Consider the following two responses to the popular interview question: “Tell me about yourself.”
Example 1: I am an expert in product road mapping throughout the product development lifecycle. I have extensive experience growing product teams, clarifying product vision, converting opportunities into strategy, and building cohesive plans. I have experience in documenting and evaluating decisions and running daily standups and agile release meetings.
Example 2: I am a product leader with 10+ years of experience at consumer and Saas companies. I launched and grew a new product from 100 to 10,000 users, managing a team of PMs and 80+ xfn partners. I opened a new office for the company in New York, grew it to 40 PMs, Designers, and Engineers, and then opened another new office in Dubai. I partnered with our CPO to draft our team values, iterate on the recruiting funnel, and standardize operational forums like product and design reviews.
Based purely on the responses, who would you hire? Who would you consider for a manager role? Do you even believe this is the same person?
The altitude of your communication signals your seniority and experience.
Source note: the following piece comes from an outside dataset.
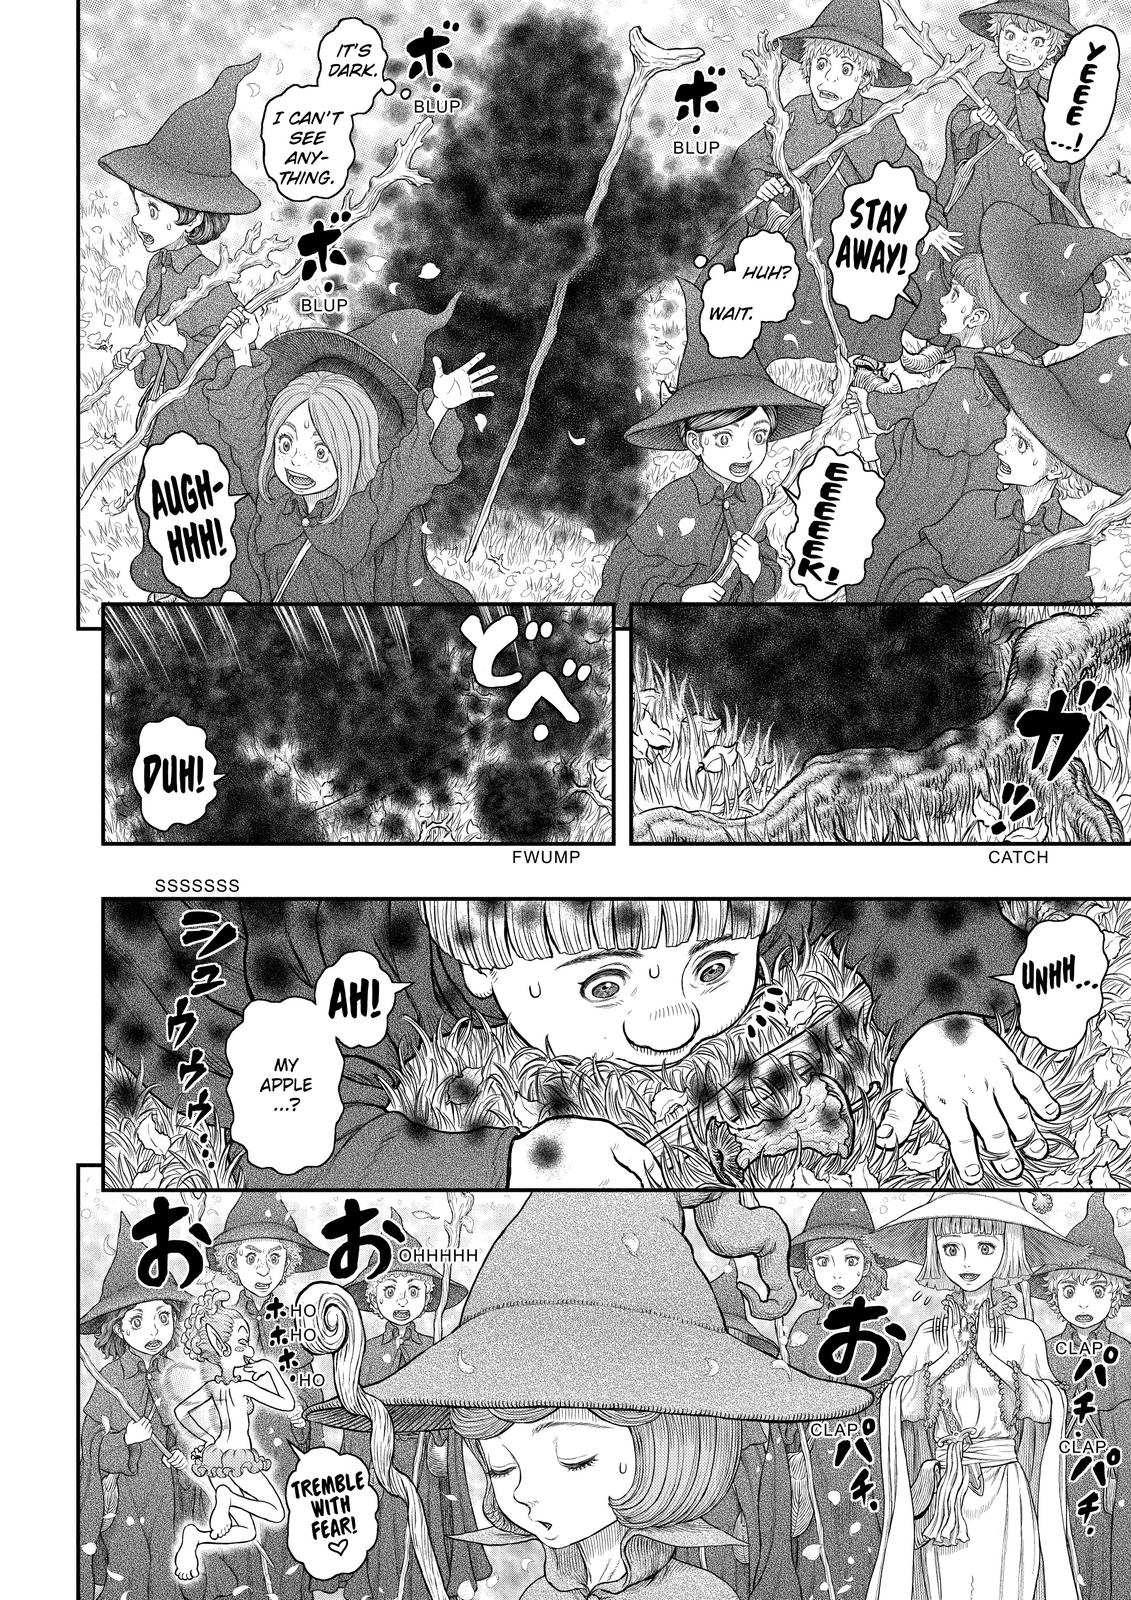 Berserk Manga Chapter 360 image 12

Over and over, I see candidates focus on the wrong parts of an experience to highlight in their resume or initial phone screen when they have great relevant experiences for the role.
Talk about the outcome and why, not the input.
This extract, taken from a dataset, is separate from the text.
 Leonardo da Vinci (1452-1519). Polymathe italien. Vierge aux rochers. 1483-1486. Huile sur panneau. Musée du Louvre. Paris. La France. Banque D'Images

Leaders focus on the outcome and impact delivered of the work they do, not how it is done. Hiring managers want to know what business impact you delivered for the company, not that you know how to do sprint planning and make presentations. So focus your precious time or space on describing the outcome. It sounds something like the following:
I was at Thumbtack for 5 years leading the supply side of the marketplace. In my time where, we grew the supply 20X from 5,000 to 100,000 small businesses — the largest platform of SMBs for services in the US.
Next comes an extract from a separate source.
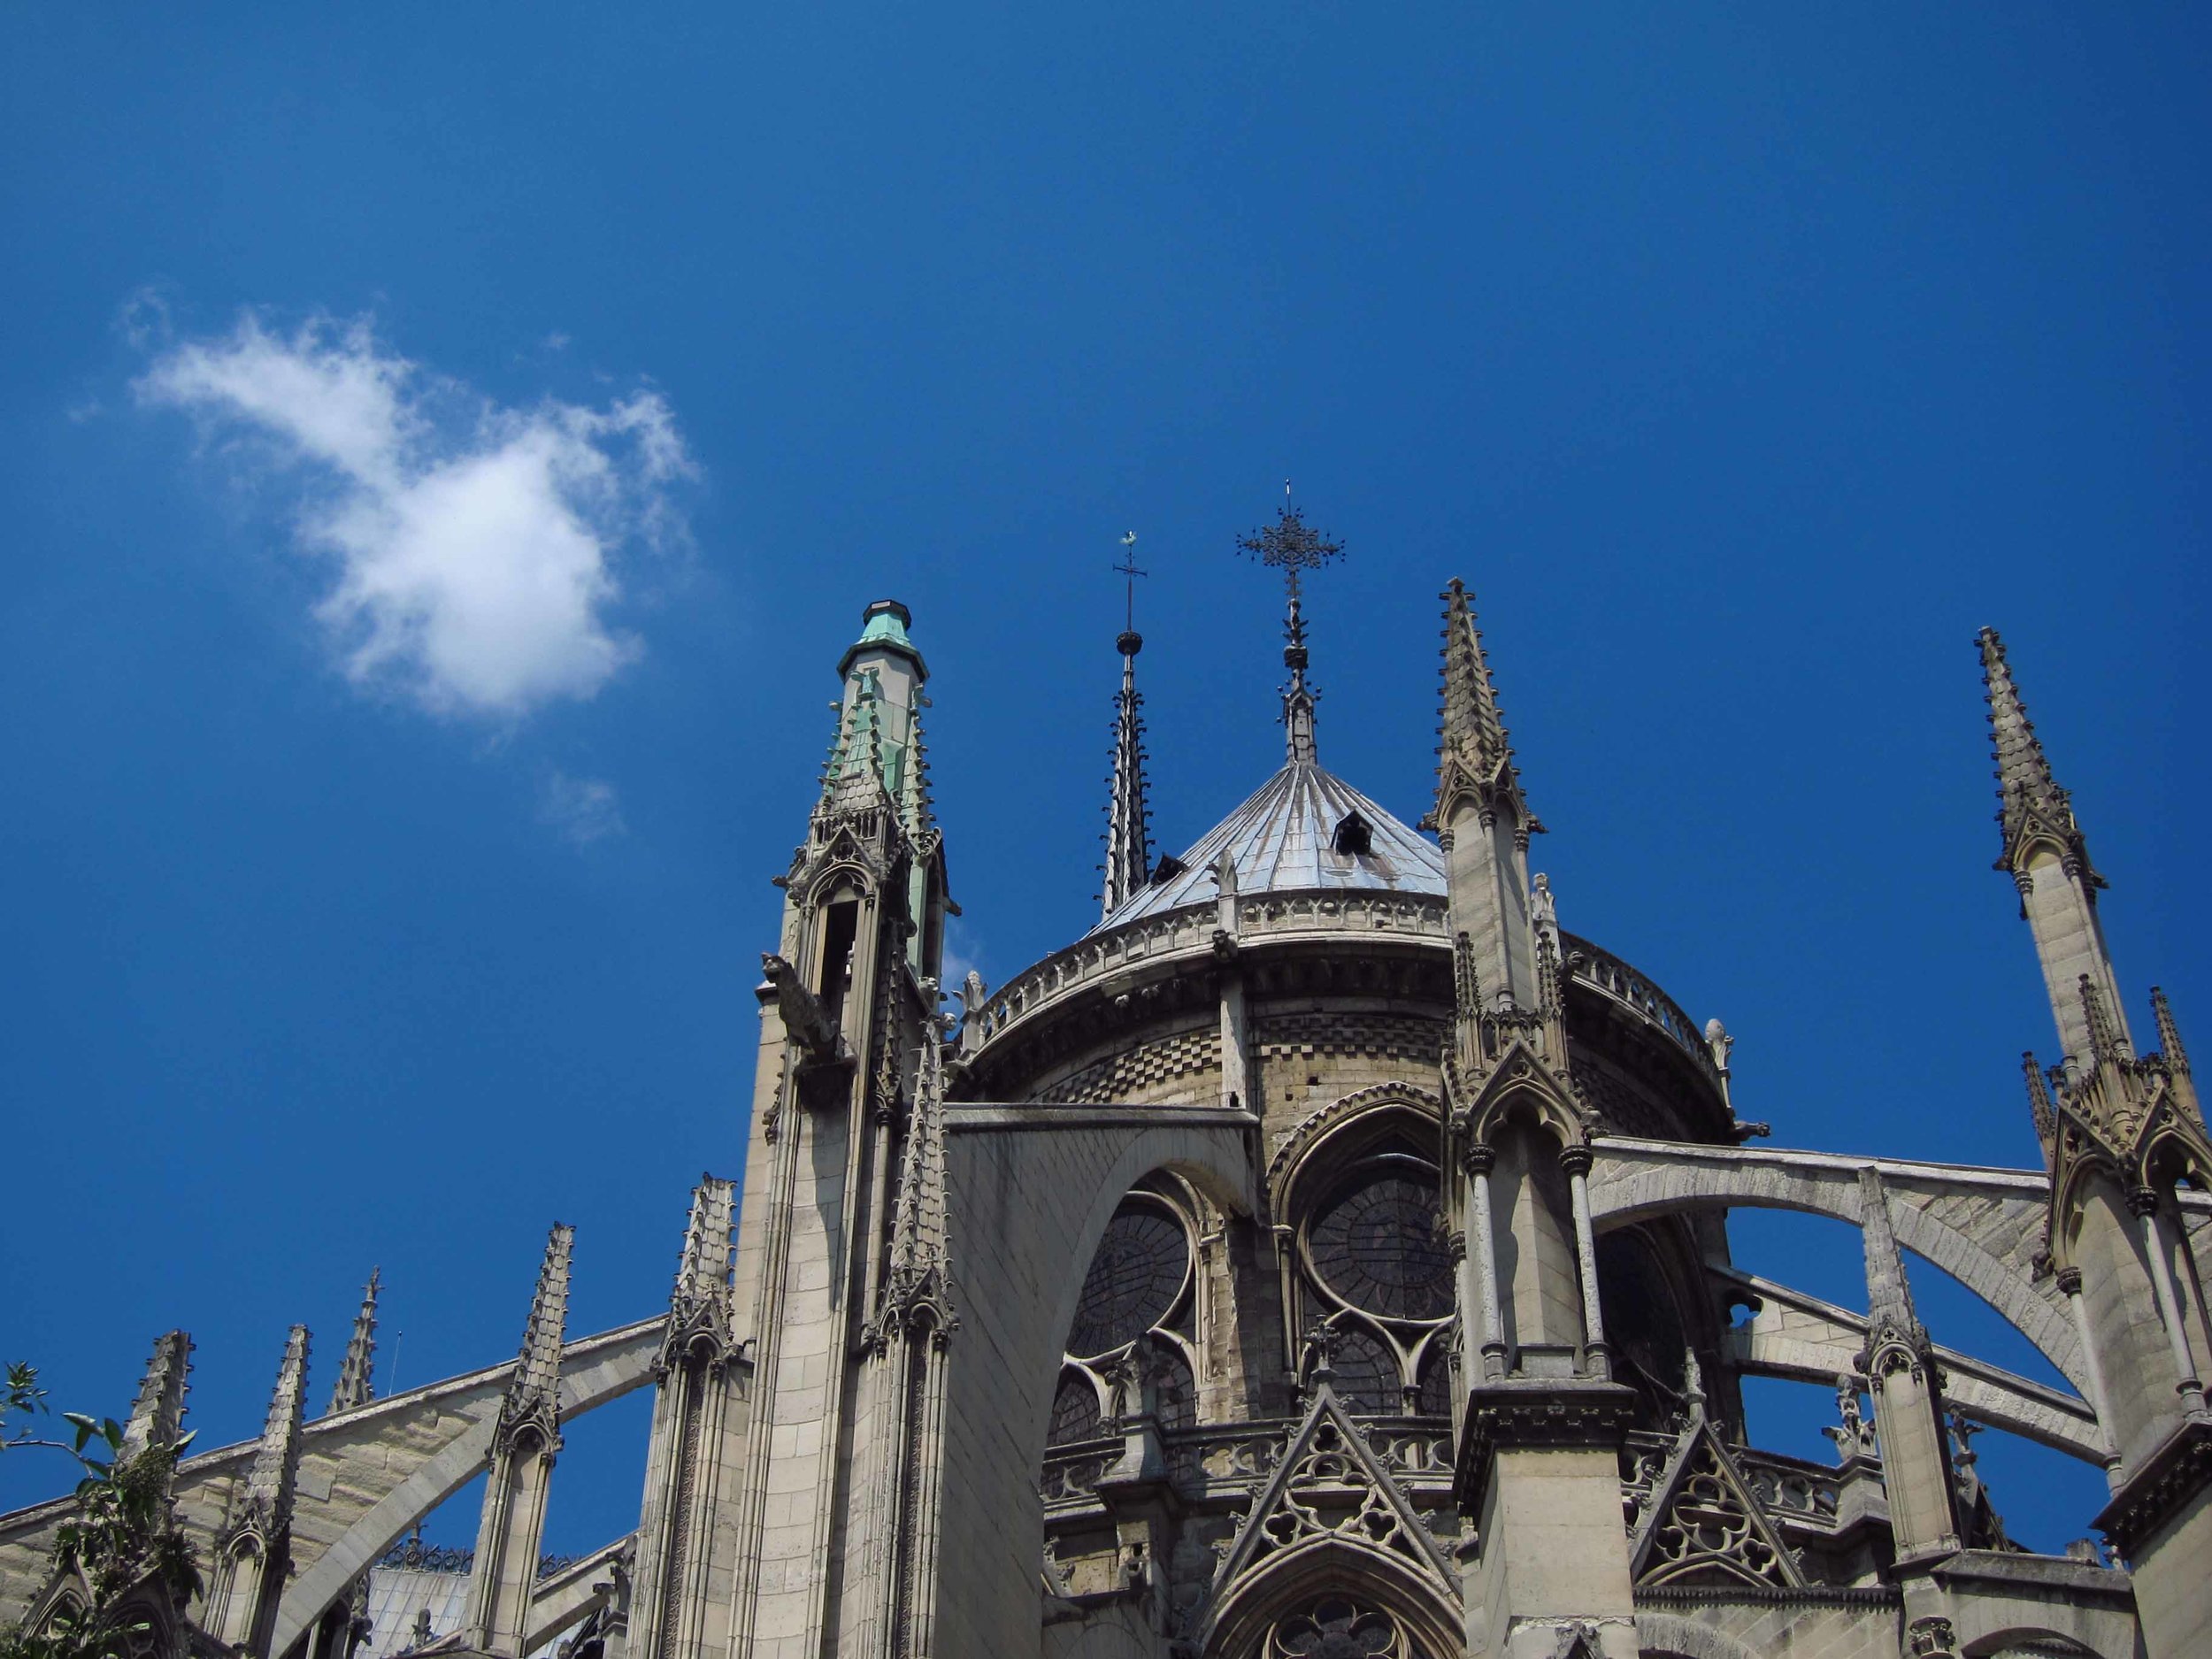    Cathédrale Notre Dame de Paris, Île de la Cité

When I was at Meta, we shipped a set of updates to how small businesses set budgets and targeting for their ads. This increased campaign start conversion by 15%, leading to $20M increase in revenue globally.
When I was Instagram, we redesigned the Profile tab to better accommodate new features like IGTV, Shopping, and Reels. This led to 50% more engagement on IGTV and 100% more engagement in Shopping, key initiatives for the company at the time.
I led a project to refactor the core code base and make performance improvements which accelerated development speed by 30% and decreased app size by 50%, leading to 10% in app installs.
(please note all numbers are illustrative)
Particularly for product leaders, your role is directly tied to the outcome of the business. If you launched product features but cannot describe the impact it had on the business, then why did we spend precious engineering and design resources on it?
Some projects may be more straightforward to measure impact than others. In general, if you want to progress in your career, it’s important to be staffed to projects that tie closely to business metrics (see. previous post “When in doubt, chase a number”. While it may be “useful” to do that refactor or redesign, or work on an annoying bug, if it doesn’t have high impact, it is not going to get you further in your career. As you can see above, even redesigns and performance improvements can and should tie to a business case.
The more you describe the “How”, the more Junior I think you are.